Thanks for running the profiler. As you can see from the output, most of the runtime is being spent in your containing_tet function.

The first thing to say is that you have made this question unnecessarily difficult for us because your functions have no documentation. We have to read and reverse-engineer your code to try to figure out what the purpose of each function is. Python allows you to write a "docstring" for each function in which you explain what the function does, what arguments it takes, and what values it returns.

It looks to me as though containing_tet tries to find a tetrahedron containing point, and it does so by computing the barycentric coordinates of point within each tetrahedron and checking that all the coordinates are non-negative.

So you could have written:

def containing_tet(tg, point):
    """If point is inside the i'th tetrahedron in tg, return the pair
    (i, bcoords) where bcoords are the barycentric coordinates of
    point within that tetrahedron. Otherwise, return (None, None).

    """

and so on for your other functions. Writing this kind of documentation will help your colleagues (and you in a few months when you have forgotten all the details).

2. Diagnosis

Why is containing_tet slow? Well, you say that you are calling it many times, and each time it has to repeat some work. First, it collects the vertices of each tetrahedron:

verts = [tg.points[j] for j in tet]

and then in barycentric_coords it computes the transform matrix:

T = (np.array(vertices[:-1])-vertices[-1]).T
... la.inv(T) ...

but these computations will be the same every time (they do not depend on point). It would be best to compute them just once.

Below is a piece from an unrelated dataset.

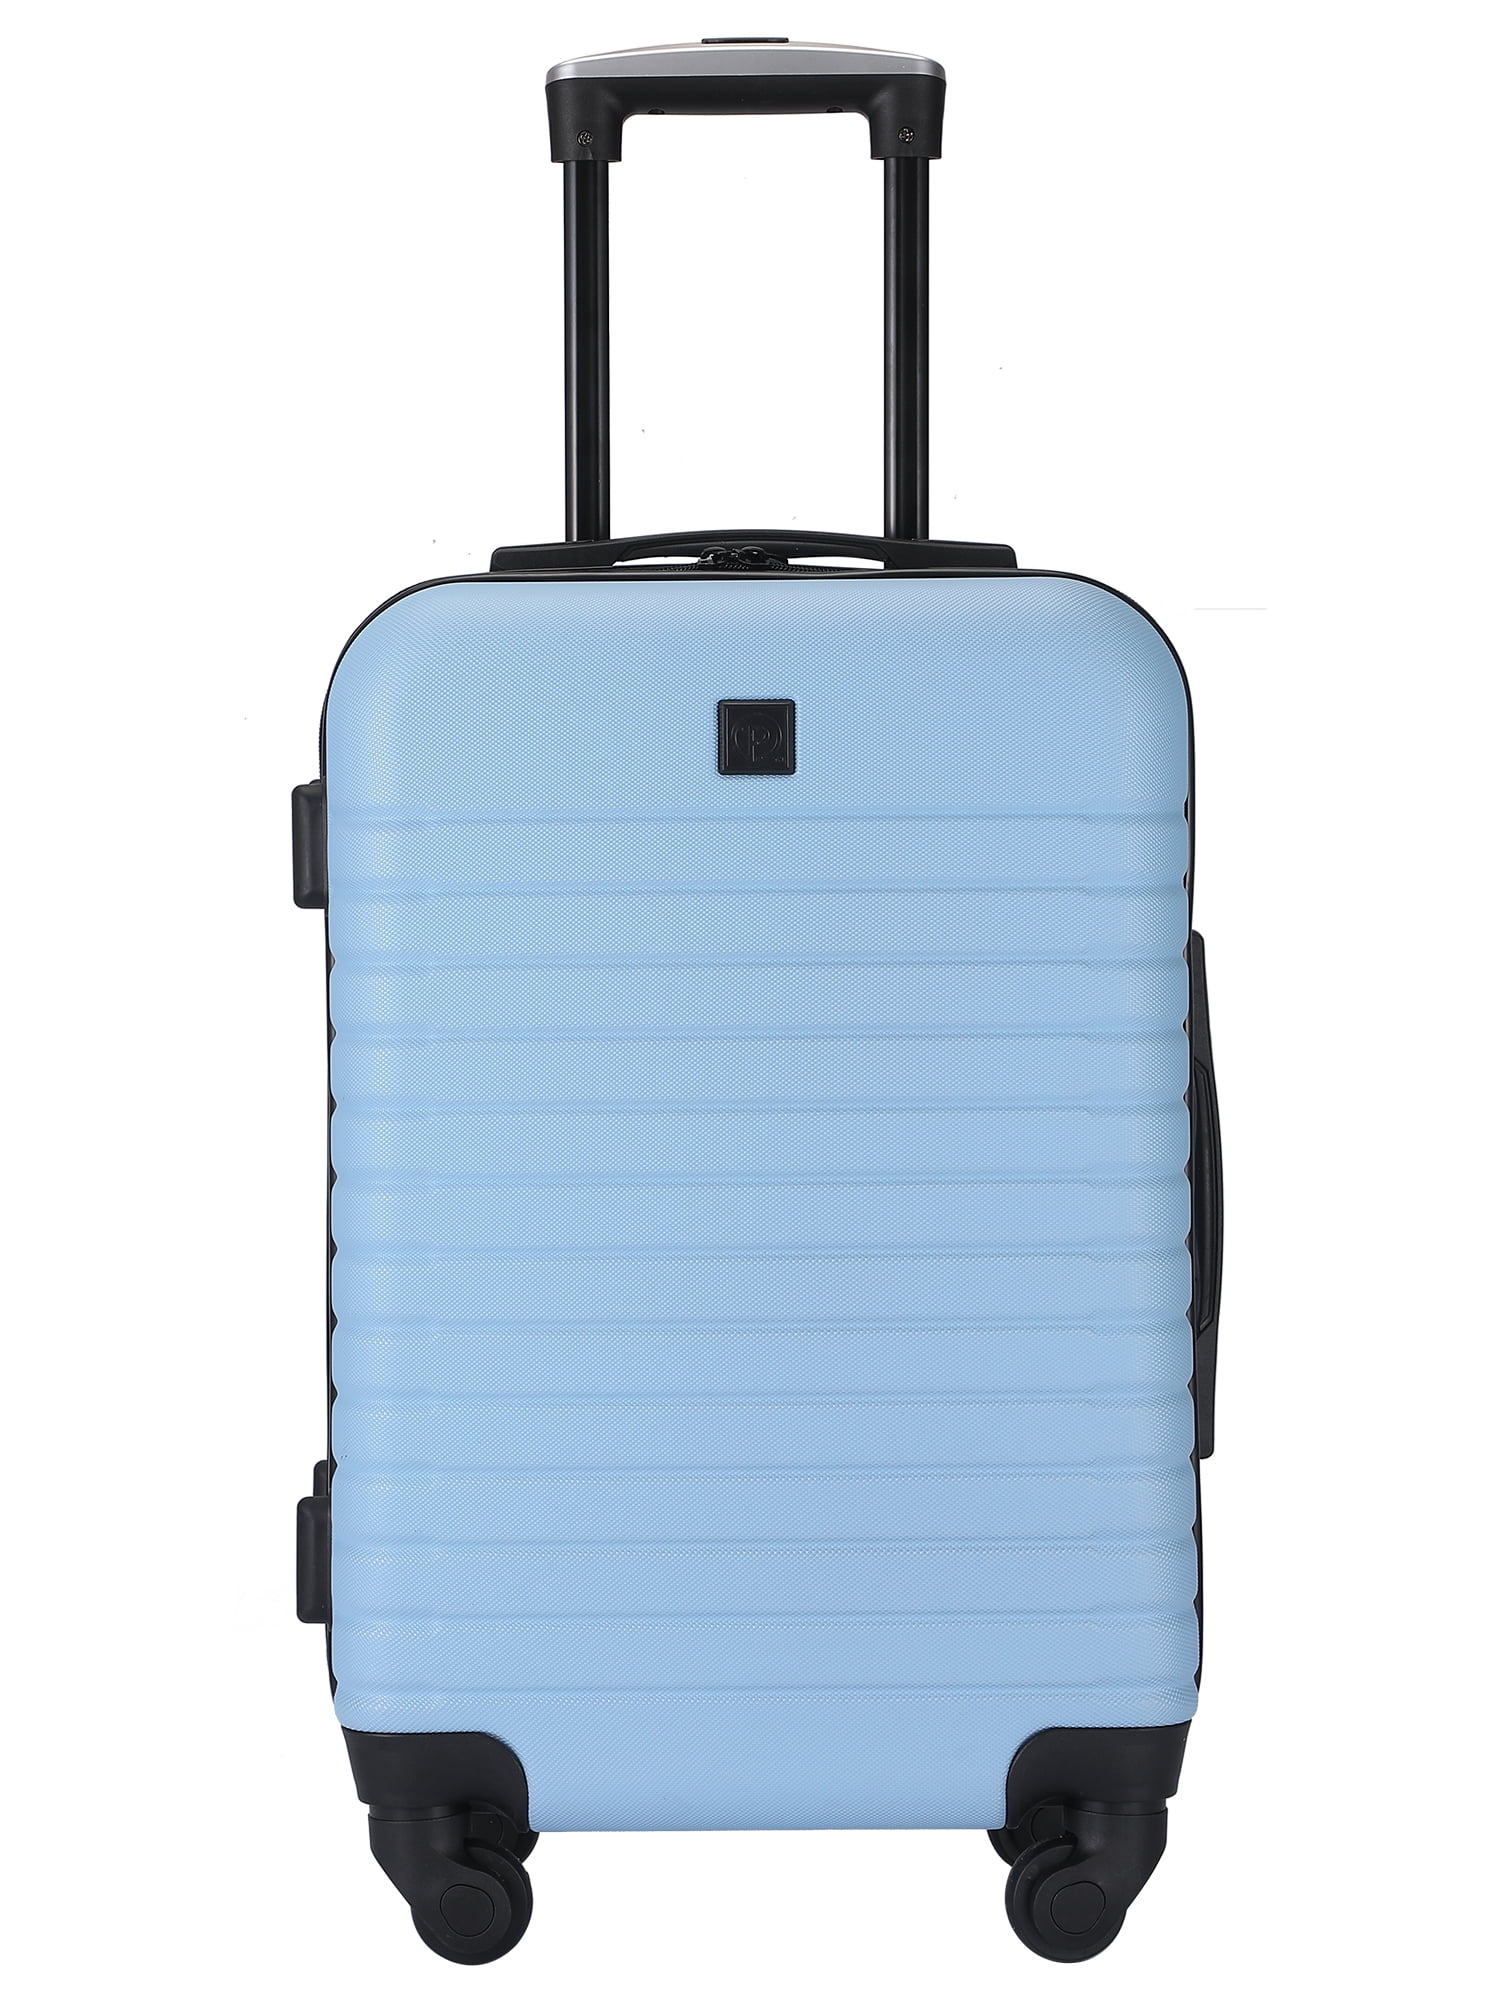 Protege 20 Hardside Carry-on Luggage

Then you need to reorganize your code so that each operation is vectorized: that is, you should read all the targets into a NumPy array, and then compute the barycentric coordinates for all the targets at once.

3. Using scipy.spatial

Having written the above, however, I am wondering why you did not use scipy.spatial.Delaunay? Is it because TetGen does a better job?

Since I don't have a copy of TetGen handy, if I had to write this code I would generate the triangulations like this:

>>> import numpy as np
>>> import scipy.spatial
>>> points = np.array([(0,0,0),(0,0,1),(0,1,0),(0,1,1),(1,0,0),(1,0,1),(1,1,0),(1,1,1)])
>>> tri = scipy.spatial.Delaunay(points)
>>> tri.simplices
array([[3, 2, 4, 0],
       [3, 1, 4, 0],
       [3, 6, 2, 4],
       [3, 6, 7, 4],
       [3, 5, 1, 4],
       [3, 5, 7, 4]], dtype=int32)

and then if I have an array of targets to query:

>>> targets = np.array([[.1,.1,.1], [.9,.9,.9], [.1,.6,.7], [.4,.9,.1]])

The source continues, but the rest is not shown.